* _Your assignment_: Take the line that contains "เนื้อเพลง กางเกงลิงลอยฟ้า - เดอะพอสซิเบิล" and each line after it to the end of the data below, and set them down exactly, omitting pictures.

* _Given data_:

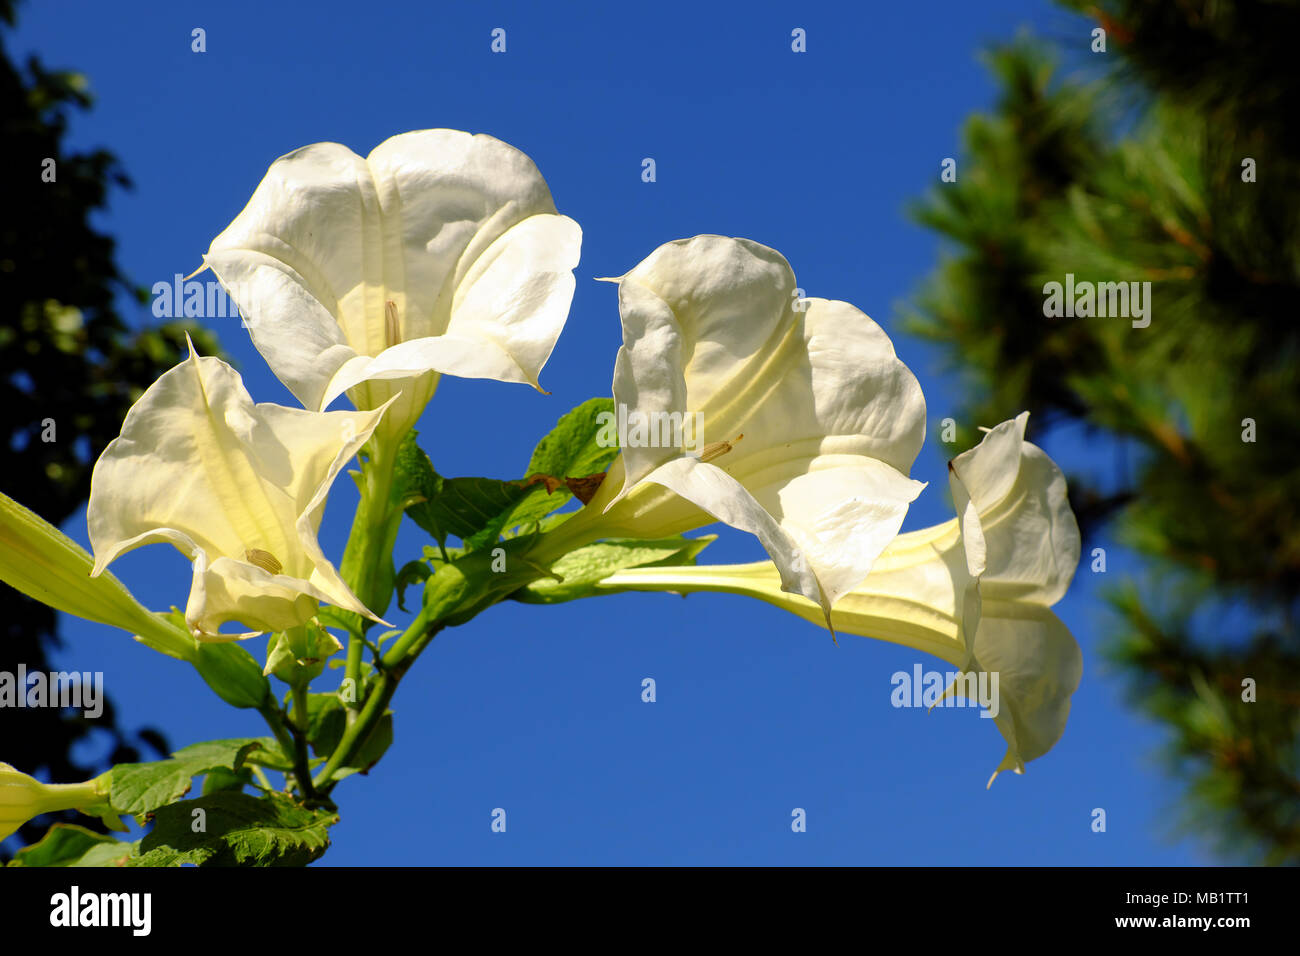 Flor de lirio blanco, un árbol urbano popular como planta decorativa con forma de trompeta en la ciudad de Da Lat, esta planta muy tóxicos, tóxicos y peligrosos, blanco B Foto de stock
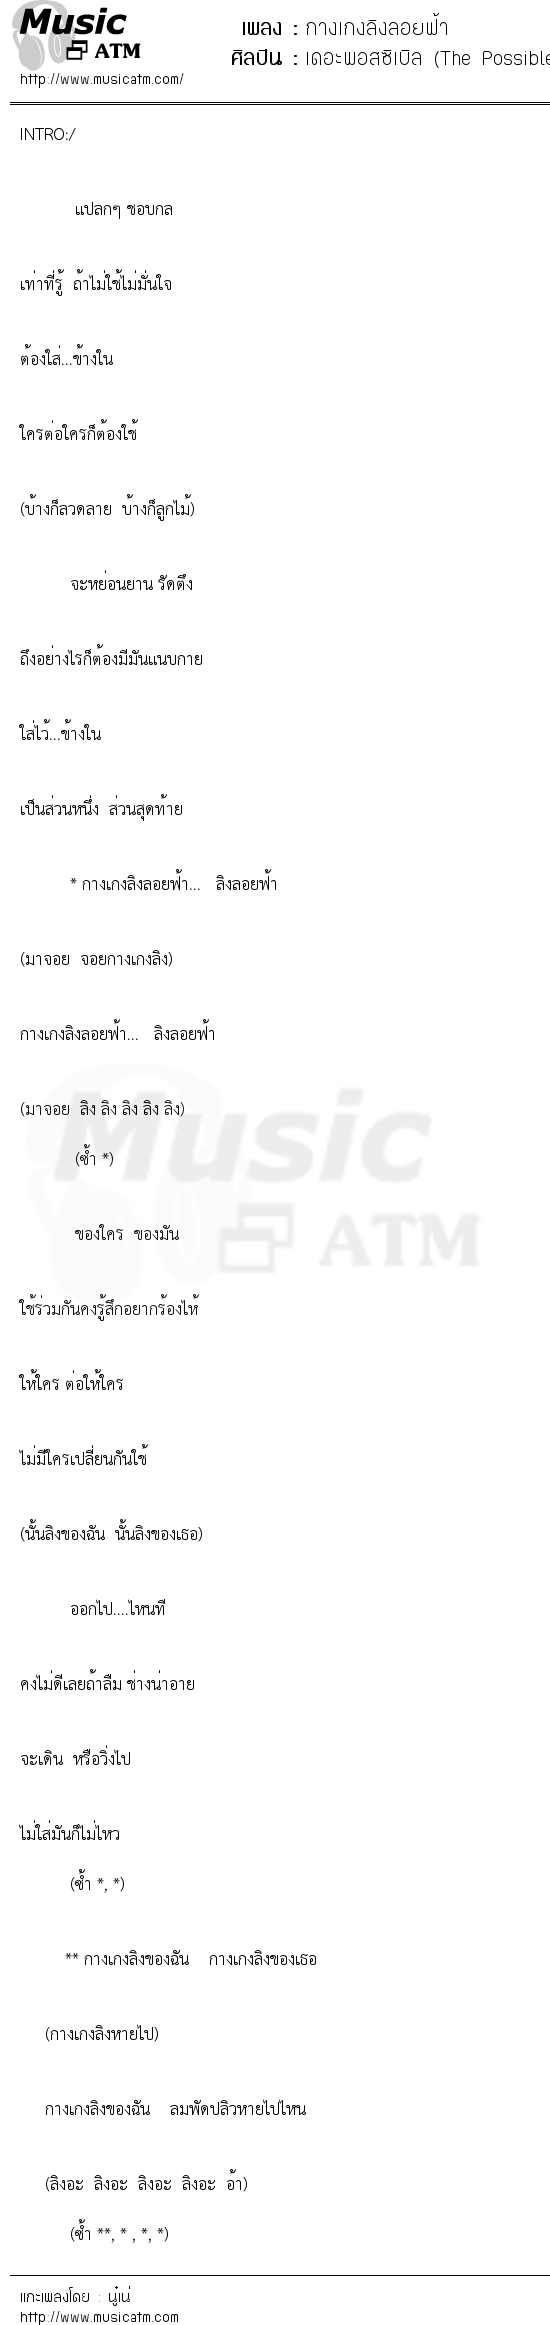 เนื้อเพลง กางเกงลิงลอยฟ้า - เดอะพอสซิเบิล (The Possible) | เพลงไทย
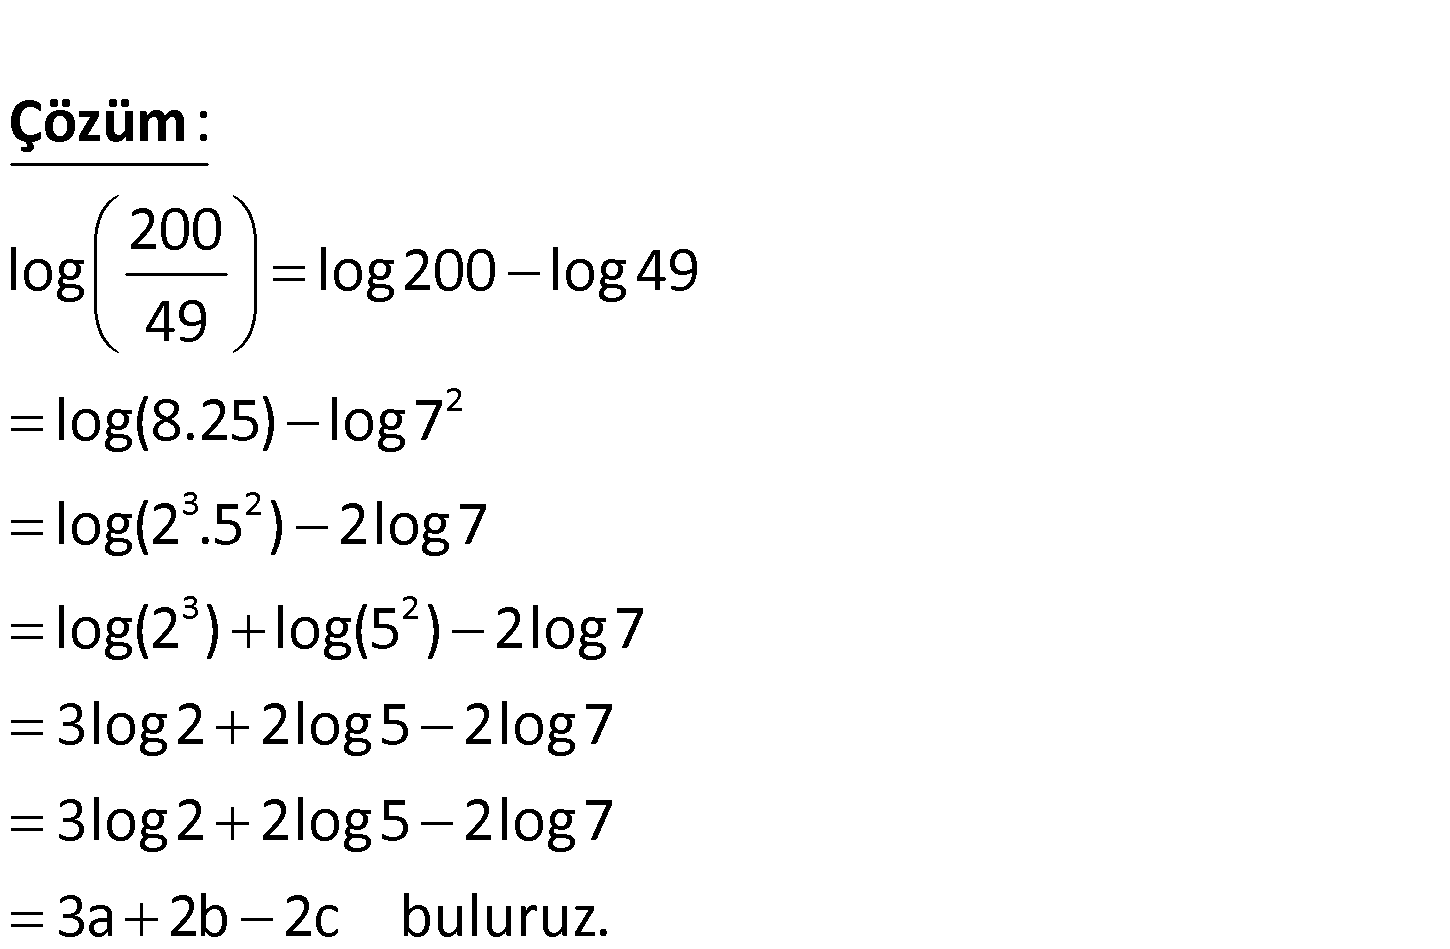 Log log5 2 0. Log2. Log 40. Log2 + log2. 2log2 5.

* _Written solution_:
 เนื้อเพลง กางเกงลิงลอยฟ้า - เดอะพอสซิเบิล (The Possible) | เพลงไทย
 Log log5 2 0. Log2. Log 40. Log2 + log2. 2log2 5.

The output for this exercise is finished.